Advent Evening Prayer Reflection- December 15, 2023

Let us Pray,

Stir up your power, O Lord, and with great might come
among us; and, because we are sorely hindered by our sins,
let your bountiful grace and mercy speedily help and deliver
us; through Jesus Christ our Lord, to whom, with you and
the Holy Spirit, be honor and glory, now and for ever. Amen

As you know our reflections at these services of Evening Prayer during this advent season are focusing on the four advent collects Those prayers that sum up or collect all of our prayers around a particular theme and are assigned to the particular Sunday and weeks of the year. As such these prayers have, over time, developed a pretty standardized formula that goes pretty much like this First we address God, then we acknowledge something about God, then we make our petition…we ask God for something based on the attribute of God we have just acknowledged, and then we give our aspiration…voicing what we hope the thing we just asked for will help us to do and then we conclude this portion of the prayer almost always ends a request that God grant what we have asked for Jesus sake.

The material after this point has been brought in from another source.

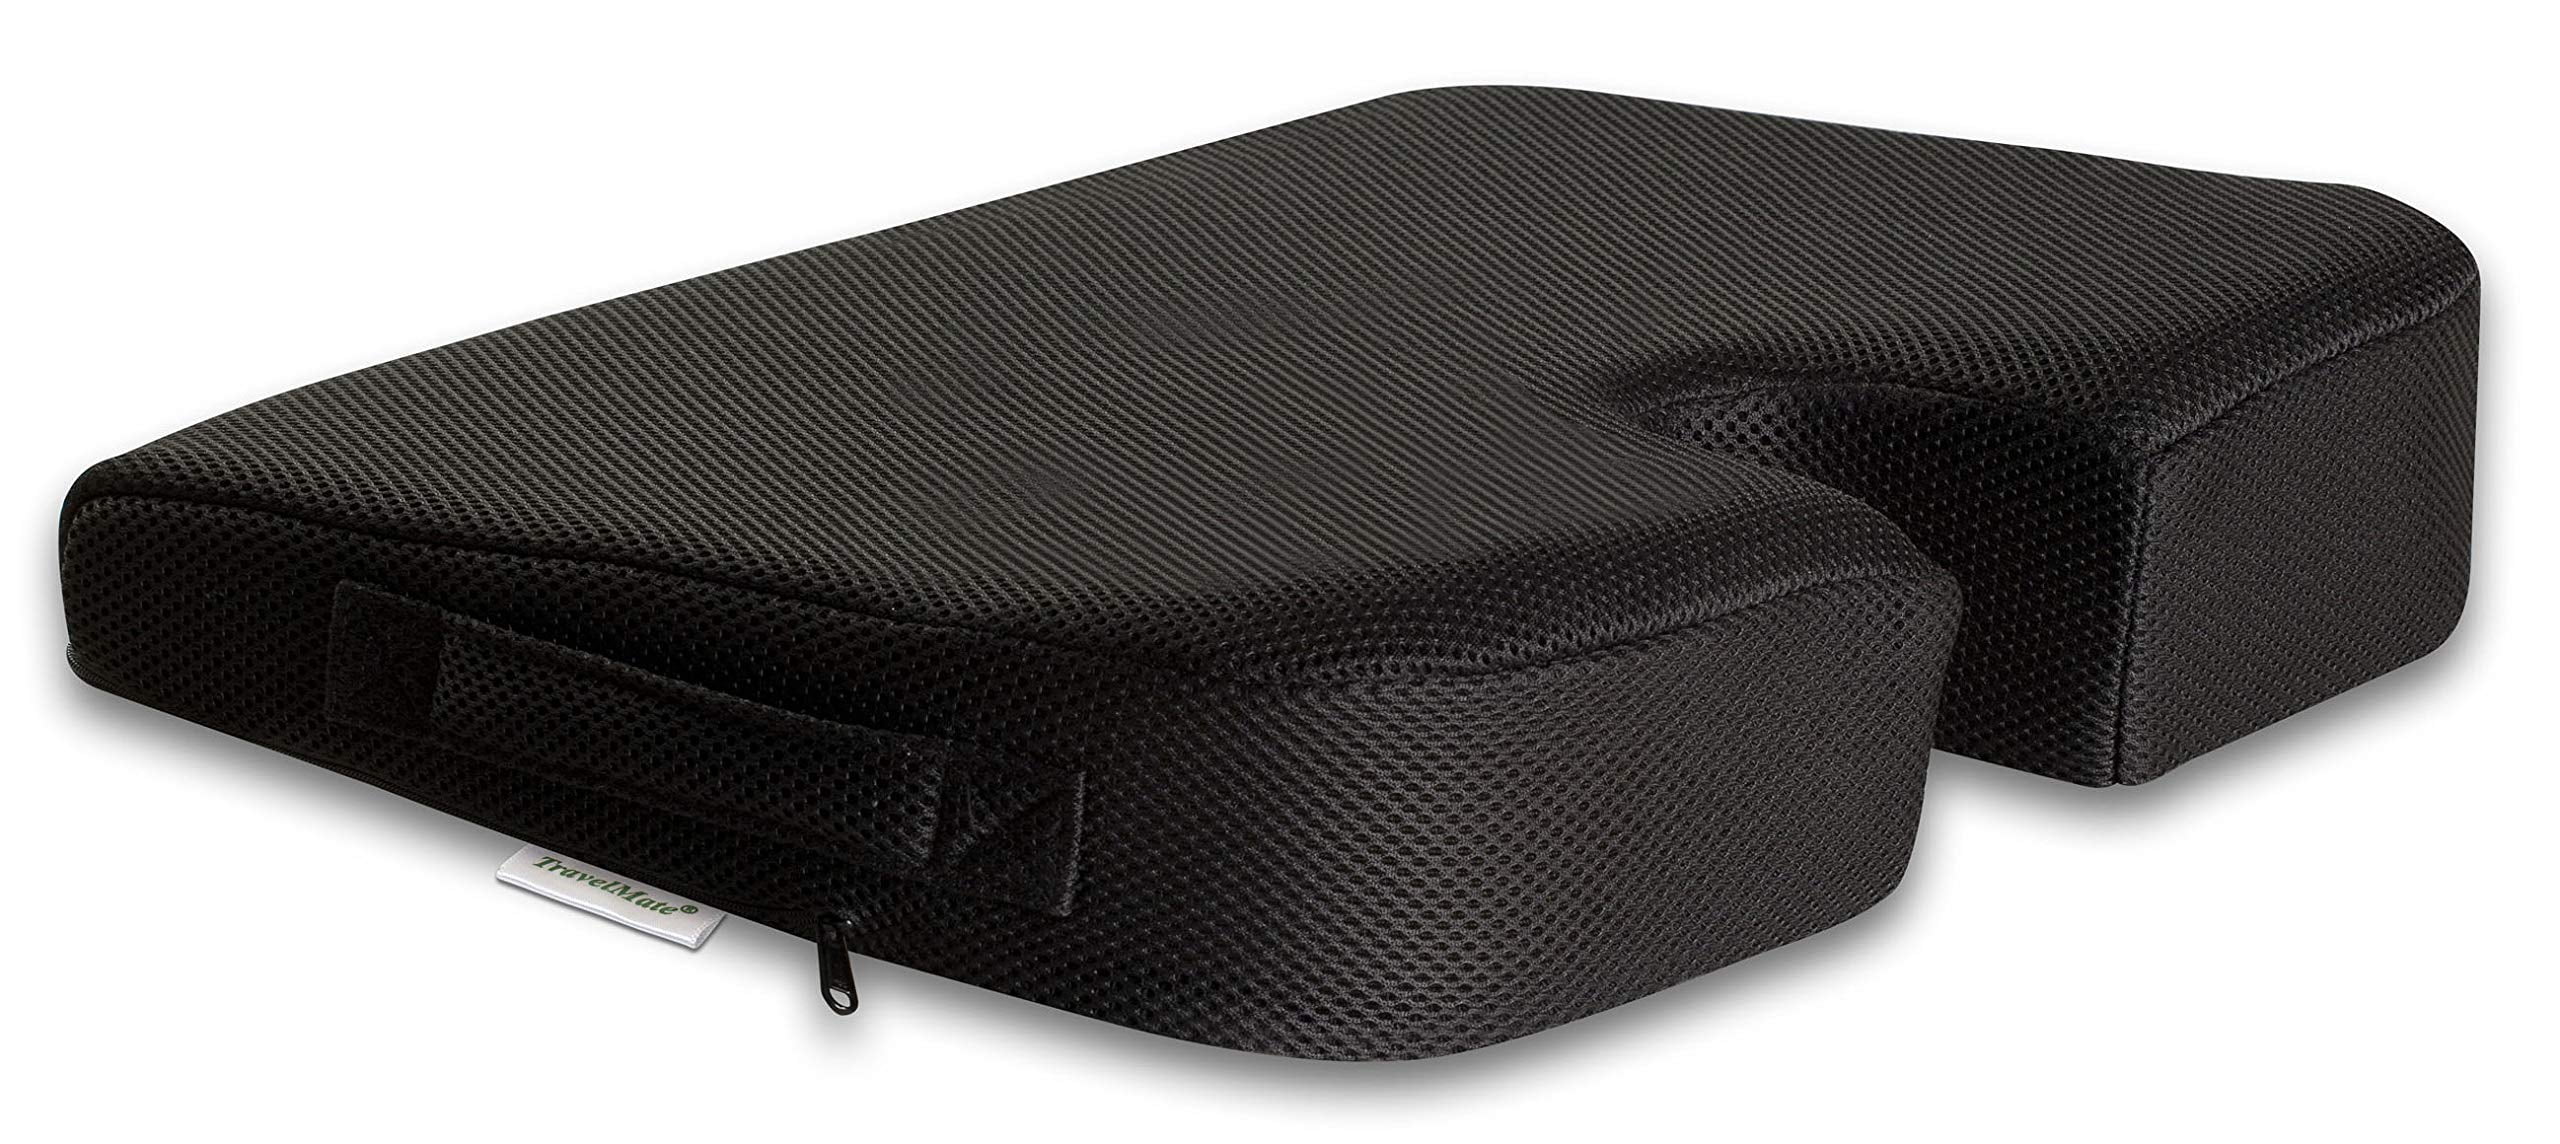  TravelMate Extra-Large Memory Foam Seat Cushion

         I start with all that because first, I think it is good information to know and can help us better understand this central part of our liturgies each week and how each of these prayers are part of the lex orandi, or law of worship, reflect the churches lex credenda, or law of belief. But also, secondarily because it is fascinating that despite centuries of standardization the address/petition in this week’s collect is completely unique.

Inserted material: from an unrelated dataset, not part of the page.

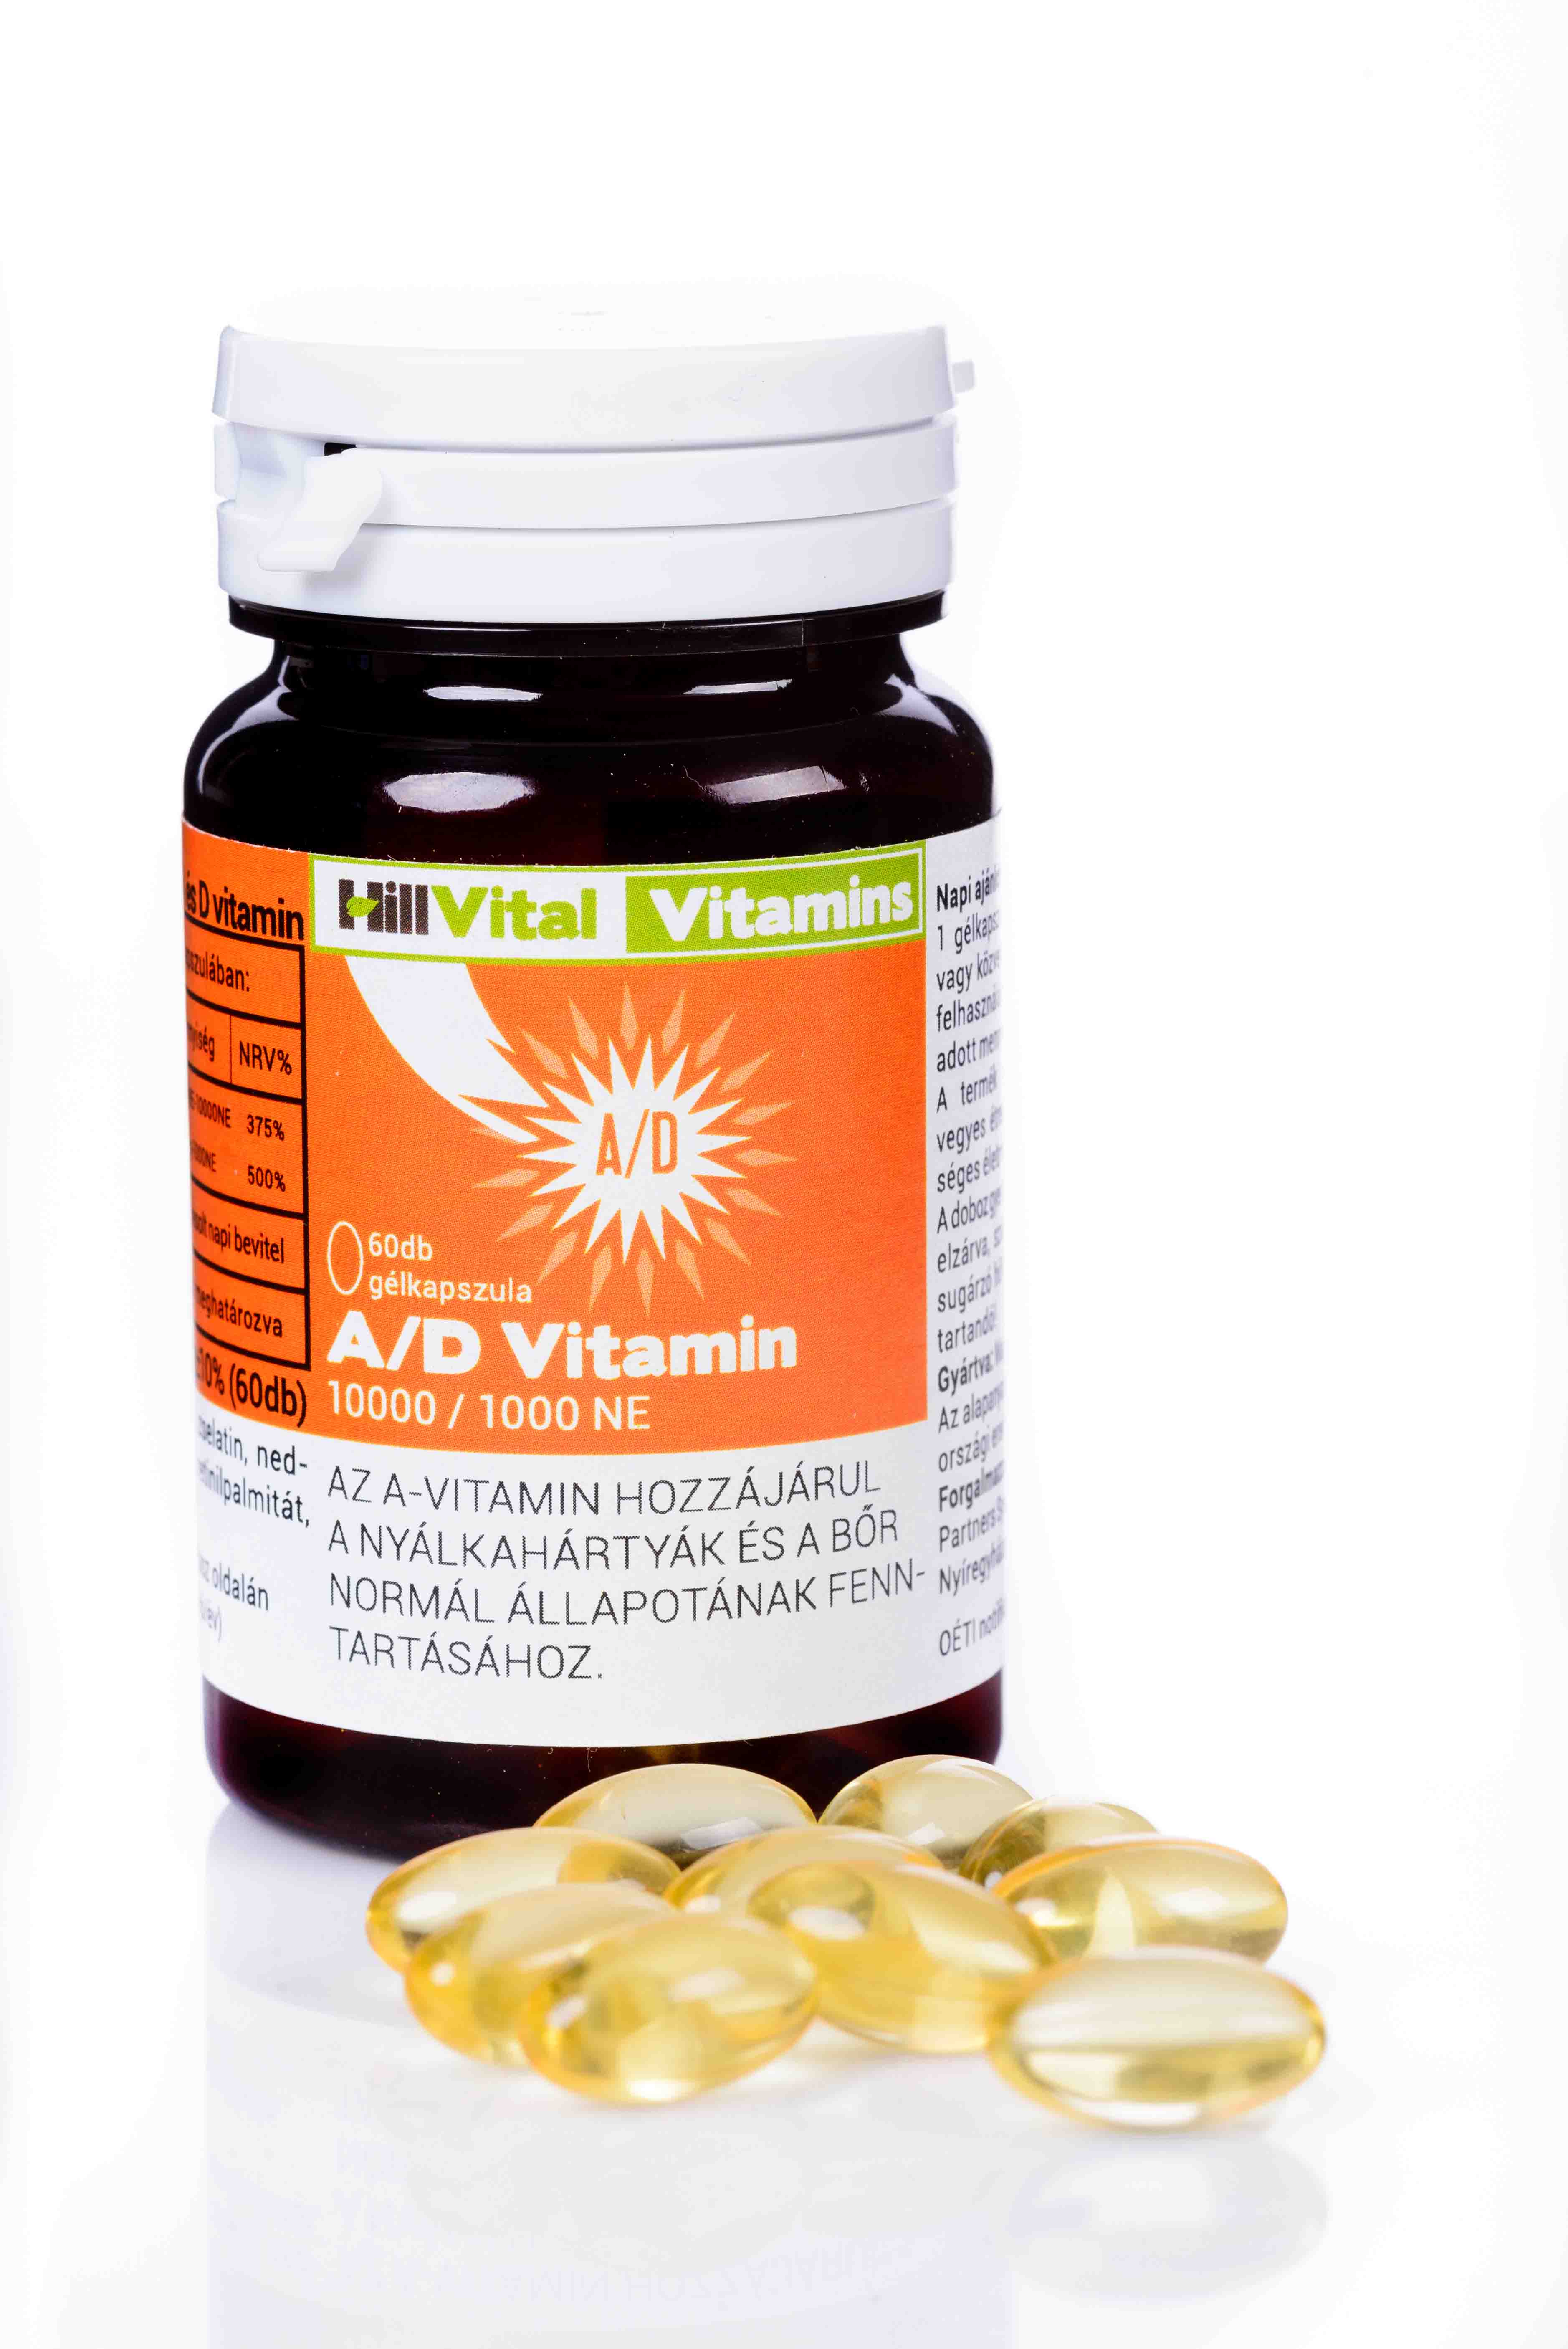 HillVital VITAMIN: A - D vitamin

It is the only collect in the entirety of our current prayer book that begins by asking God to stir up! It is such a great phrase but what does it mean? I think that, put plainly, it means we ask God to act! We ask God to act because as the prayer goes on to say we are sorely hindered by our sins. Because of our brokenness we are not able to help ourselves, despite our best efforts and intentions we cannot fix things, we cannot even stop ourselves from doing the things we know are bad for us. At least not on our own but that is where the good news comes in! The prayer ends by reminding us that God’s grace and mercy is both bountiful or overflowing and speedy to help us, and this is where we look not only forward but also backwards because it is in Jesus Christ, through whom we make our prayer that God demonstrated his power most fully and effectively. For in Jesus God showed power by laying it aside so that he could take on our humanity and experience our broken, and sinful world as one of us, sanctifying the entirety of the human condition by living it meeting even death itself and enveloping it in love and light.

It is because of that first advent that we can have hope for the second. We are still sorely hindered by our sins but because of God’s faithfulness in Christ, and our membership in Christ through baptism God’s power is at work among us and in us helping us to overcome the limits of our fallen nature… to cast of the works of darkness, to forsake our sins and putting on the armor of light to work for the good. We cannot save ourselves, we cannot save the world… but because God stirred himself to come among us two thousand years ago we can cooperate with his grace as co-laborers. Knowing that he is working through us every day… and that when the fullness of time has come and all have come to repentance…  he will come again to complete the work he started raising up and restoring that which had been cast down and making all things new. And that is good news of great joy indeed.